Я подняла руку к своим густым прямым волосам, которым подходила единственная стрижка в стиле боб.

— Я могу посмотреть на записку, которую оставила Тара?

Мама принесла пластиковую папку и положила на стол.

— Это здесь, вместе с бумагами из больницы.

Я открыла папку и сразу же увидела записку, написанную от руки. Почерк моей сестры — слегка с наклоном и неровный — был мне знаком. Слова были написаны шариковой ручкой, почти порвавшей бумагу, с такой силой их выводили.

Дорогая мама.

Я должна уйти и понять некоторые вещи. Я не знаю, когда вернусь. Тем самым даю право тебе или моей сестре Элле заботиться о моем ребенке, быть его опекуном, пока я не буду готова вернуться и забрать его.

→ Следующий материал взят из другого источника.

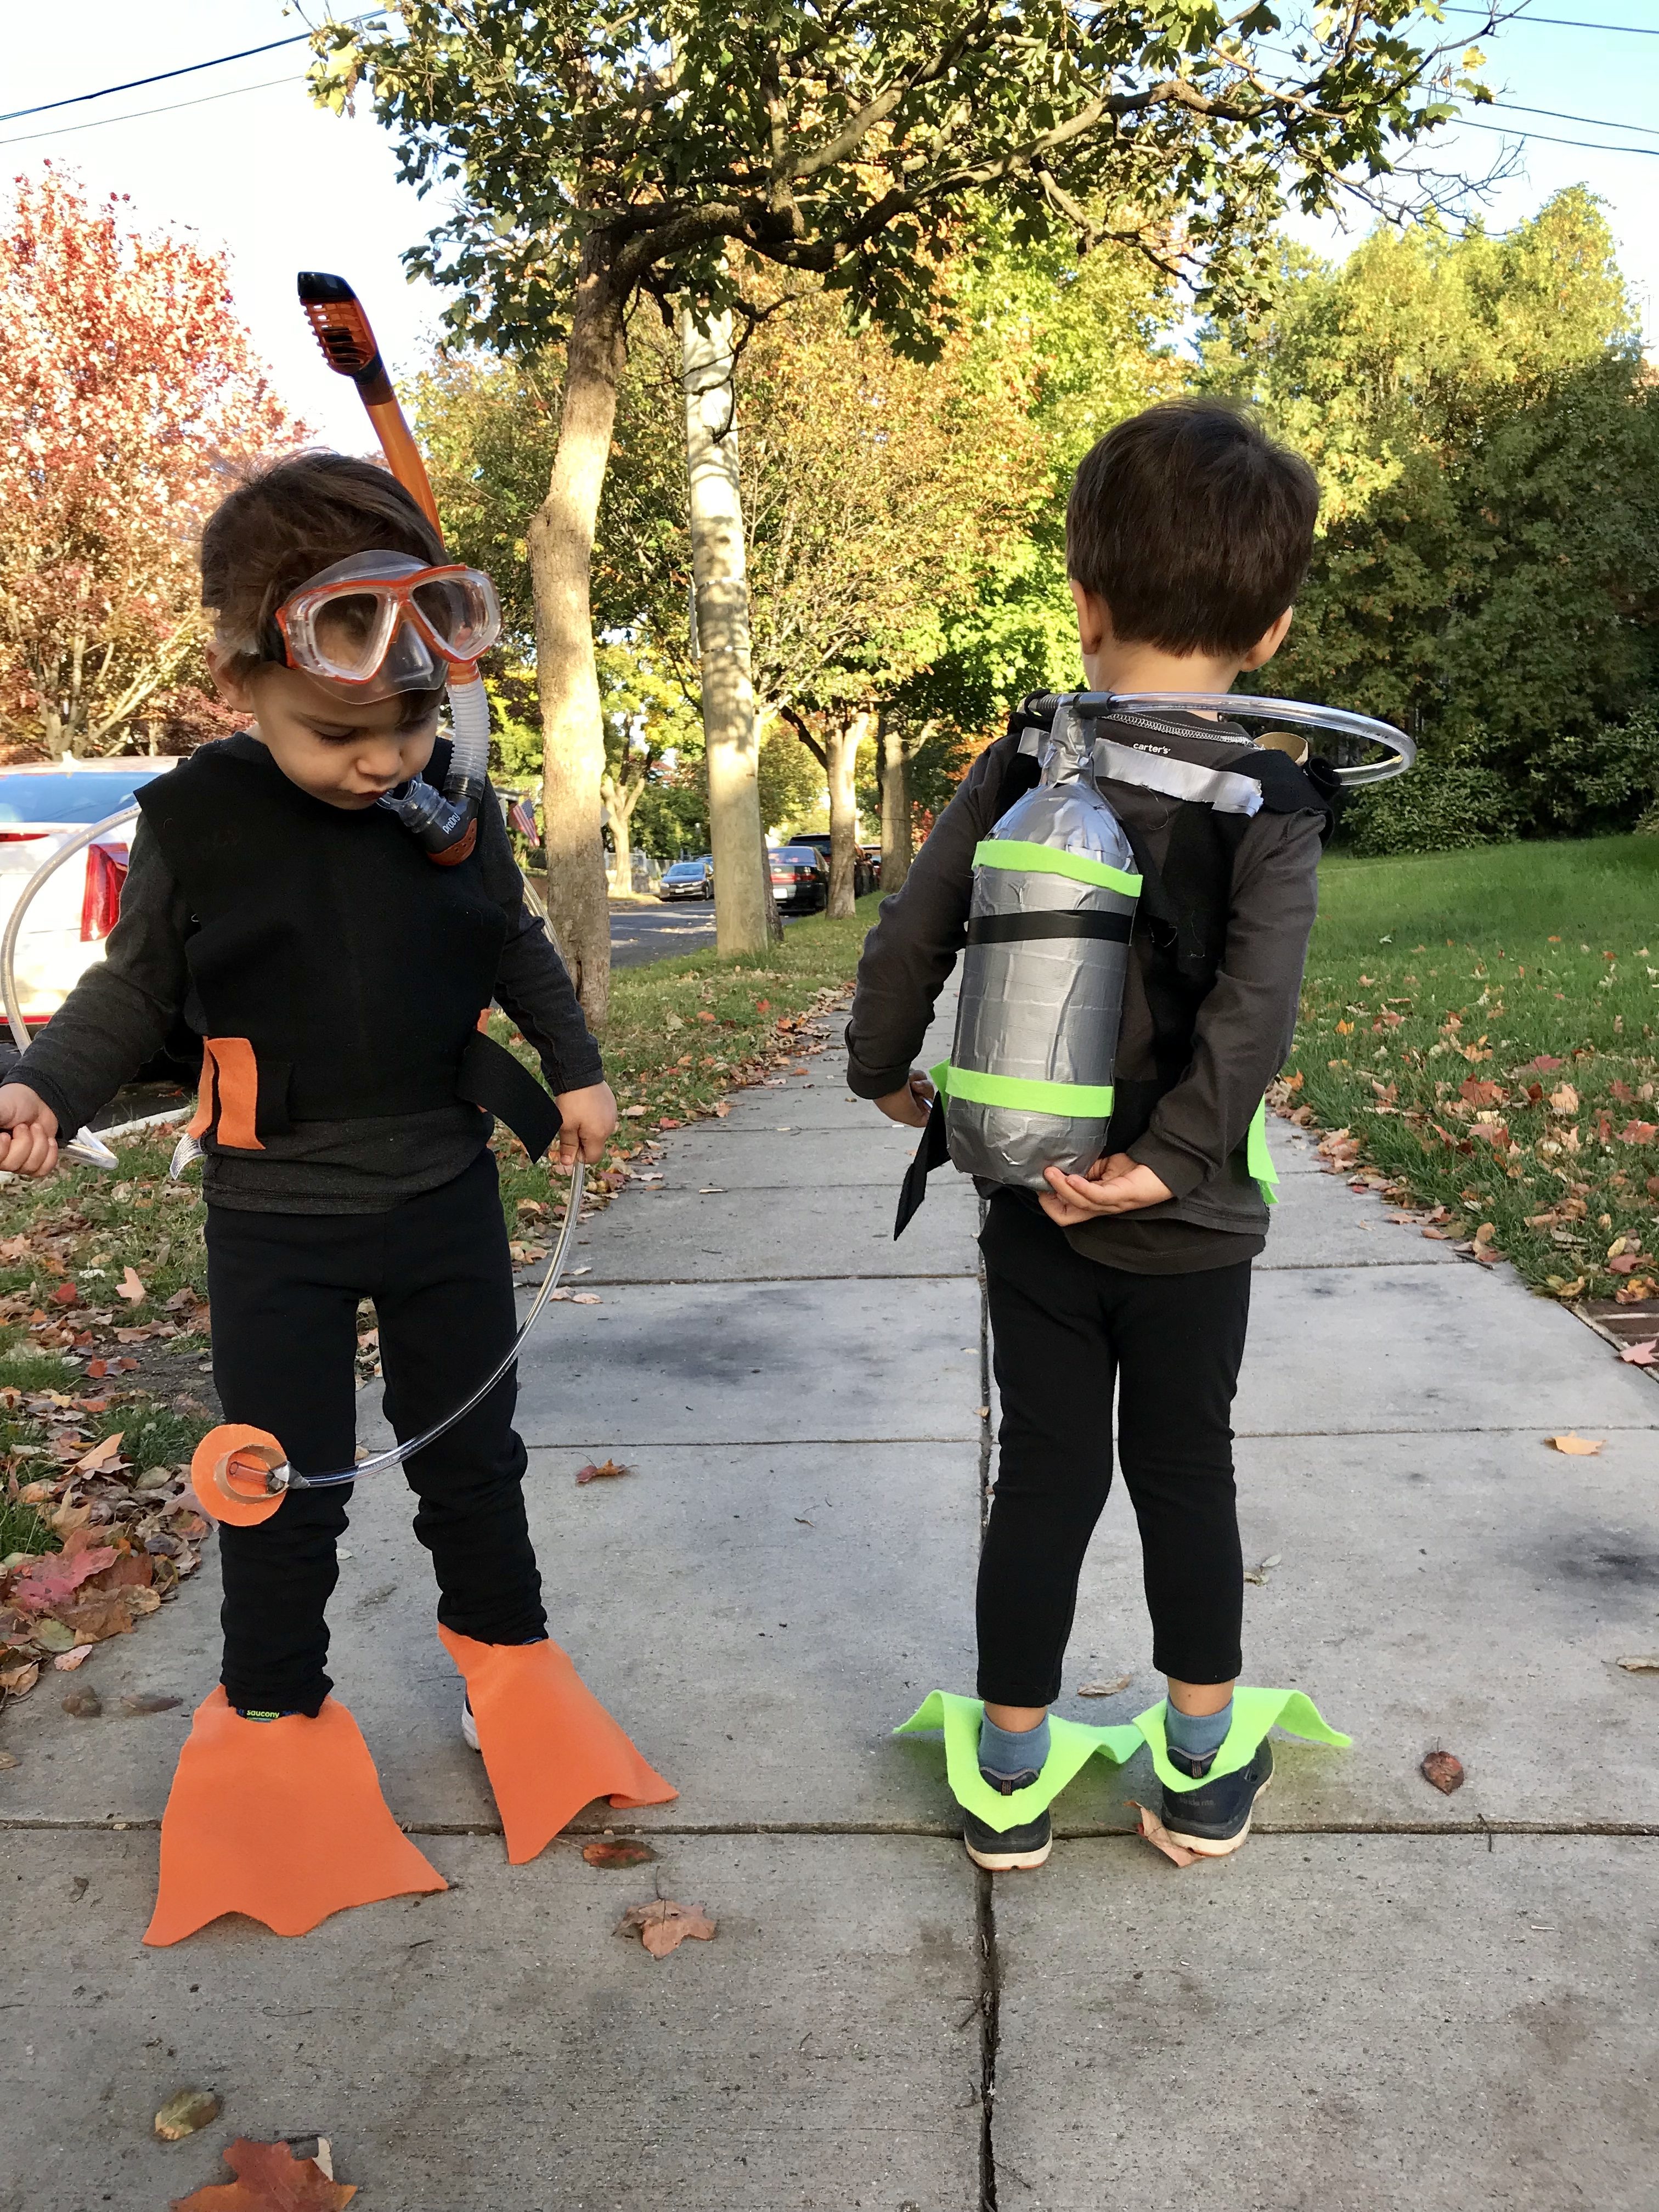 The kids created their own costumes with duct tape and felt

С уважением, Тара Сью Варнер

— Тем самым, — пробормотала я с несчастной улыбкой, прислоняясь лбом к руке. Моя сестра, вероятно, думала, что юридически звучащее слово даст записке большую убедительность для всякого рода чиновников. — Я думаю, что мы должны связаться с Социальной Службой и сообщить, что случилось. Иначе, могут посчитать, что ребенок брошенный.

Перебирая бумаги в папке, я нашла свидетельство о рождении. В графе отец — пусто. Ребенку была неделя от роду, и его звали Люк Варнер.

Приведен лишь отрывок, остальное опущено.